On 6/3/22 20:08, Bruno Haible wrote:
But when I think about the thousands of people who use regular expressions
out there. How would they remember that in parentheses both should be
backslash-escaped in EREs
\( \)
It's even weirder, in that POSIX says unmatched ')' is treated like '\)'
in an ERE, which is why gnulib/lib/dfa.c does not warn about it.
but brackets and braces are asymmetric
\[ ]
\{ }
Thanks, good catch about \}. We should treat it like \]. (And this means
regex-quote.c is buggy in a different way, sigh....)
Even if the warning message you install in grep has 3 or 5 lines and goes
into all details, we are not serving the community if we force them to adhere
to asymmetric rules, where up to now they could use symmetric rules.
Thanks, and I see Jim agrees too. I installed the first two attached
patches into Gnulib to do that and to fix regex-quote, propagated this
into Grep, and installed the last attached patch to Grep to document this.

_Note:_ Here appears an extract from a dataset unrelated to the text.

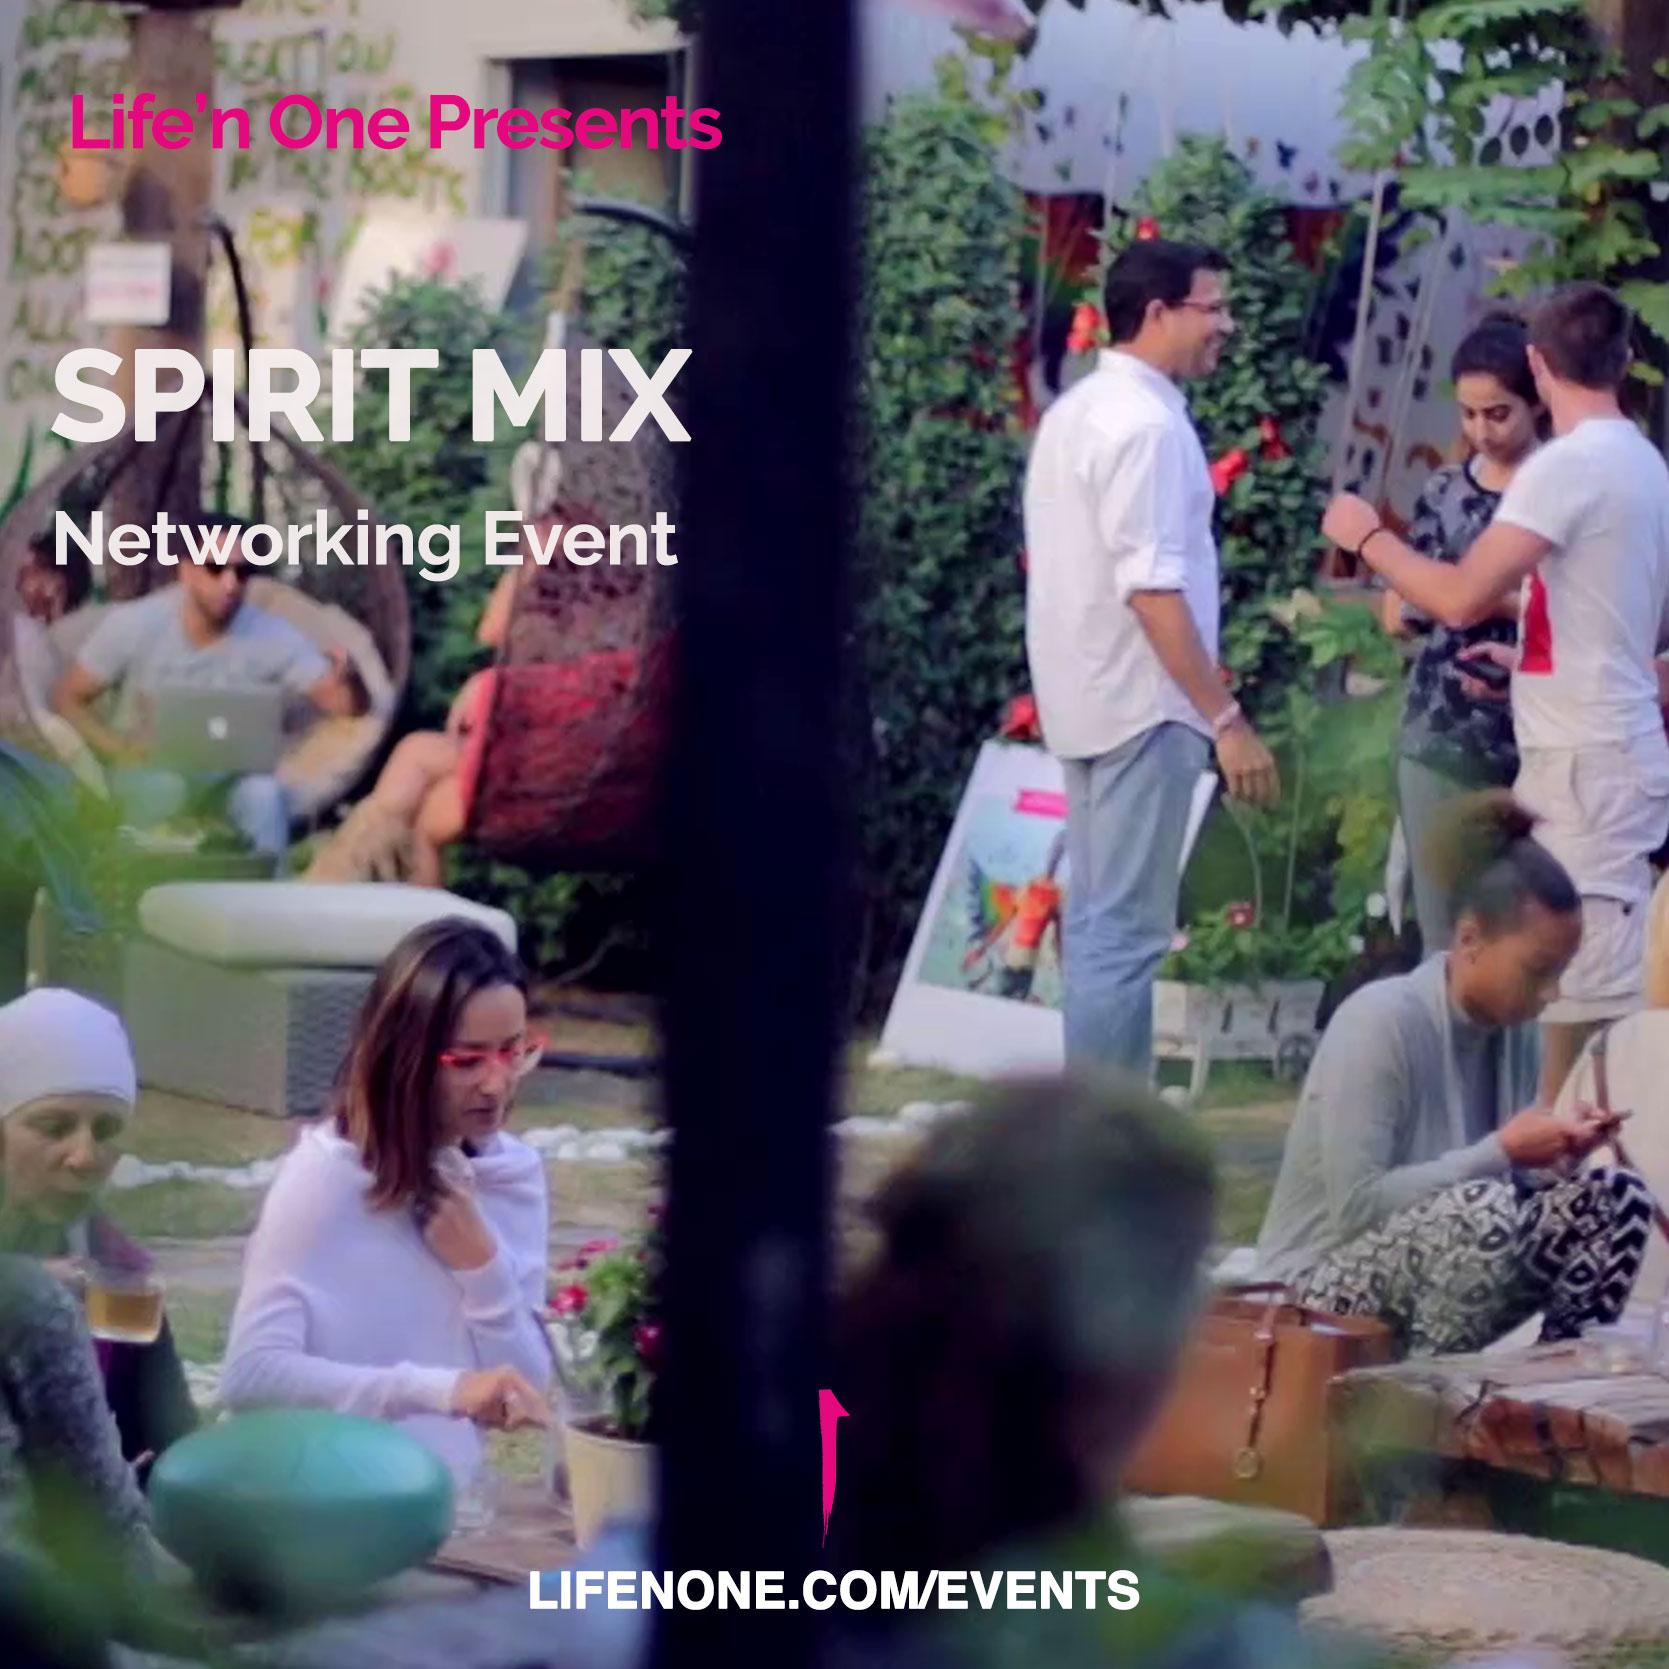 190909-spirit-mix-networking-event.jpg

At some point the behavior of \], \}, and all the other stuff the Grep
manuals new "Problematic Expressions" node should be documented in
gnulib/doc/regex.texi too. I'll cc this to Reuben to see whether he has
the time.
It might be useful for GNU grep to have a --pedantic flag to check
regular expression portability, to reject unportable REs like '\]'. But
any such feature can wait until after the next GNU grep release.From 0153035f93d5e537efef9119676e120034ac912b Mon Sep 17 00:00:00 2001
From: Paul Eggert <egg...@cs.ucla.edu>
Date: Fri, 3 Jun 2022 18:46:37 -0700
Subject: [PATCH 1/2] dfa: do not warn about \] and \}
MIME-Version: 1.0
Content-Type: text/plain; charset=UTF-8
Content-Transfer-Encoding: 8bit
* lib/dfa.c (lex): Do not warn about \] and \}, since they’re
surely universally supported even though POSIX says their
interpretation is undefined.
---
ChangeLog | 7 +++++++
lib/dfa.c | 2 ++
lib/dfa.h | 6 +++++-
3 files changed, 14 insertions(+), 1 deletion(-)
diff --git a/ChangeLog b/ChangeLog
index 5fe5e9ee23..053fabde2a 100644
--- a/ChangeLog
+++ b/ChangeLog
@@ -1,3 +1,10 @@
+2022-06-04 Paul Eggert <egg...@cs.ucla.edu>
+
+ dfa: do not warn about \] and \}
+ * lib/dfa.c (lex): Do not warn about \] and \}, since they’re
+ surely universally supported even though POSIX says their
+ interpretation is undefined.
+
2022-06-03 Paul Eggert <egg...@cs.ucla.edu>
regex-quote: \] -> ] in EREs and BREs
diff --git a/lib/dfa.c b/lib/dfa.c
index bd4c5f0582..4f8367af3f 100644
--- a/lib/dfa.c
+++ b/lib/dfa.c
@@ -1563,6 +1563,8 @@ lex (struct dfa *dfa)
}
dfawarn (msg);
}
+ FALLTHROUGH;
+ case ']': case '}':
normal_char:
dfa->lex.laststart = false;
/* For multibyte character sets, folding is done in atom. Always
diff --git a/lib/dfa.h b/lib/dfa.h
index 91ec1d809f..043f0e9717 100644
--- a/lib/dfa.h
+++ b/lib/dfa.h
@@ -79,7 +79,11 @@ enum
merely a warning. */
DFA_CONFUSING_BRACKETS_ERROR = 1 << 2,
- /* Warn about stray backslashes before ordinary characters. */
+ /* Warn about stray backslashes before ordinary characters other
+ than ] and } which are special because even though POSIX
+ says \] and \} have undefined interpretation, platforms
+ reliably ignore those stray backlashes and warning about them
+ would likely cause more trouble than it's worth. */
DFA_STRAY_BACKSLASH_WARN = 1 << 3,
/* Warn about * appearing out of context at the start of an
--
2.34.1
From ac58aead465ab8bea4223060e61c33eb265e8e85 Mon Sep 17 00:00:00 2001
From: Paul Eggert <egg...@cs.ucla.edu>
Date: Sat, 4 Jun 2022 09:55:28 -0700
Subject: [PATCH 2/2] regex-quote: \} -> } in EREs
MIME-Version: 1.0
Content-Type: text/plain; charset=UTF-8
Content-Transfer-Encoding: 8bit
* lib/regex-quote.c (ere_special): Don’t use \} in EREs,
as POSIX says the interpretation is undefined.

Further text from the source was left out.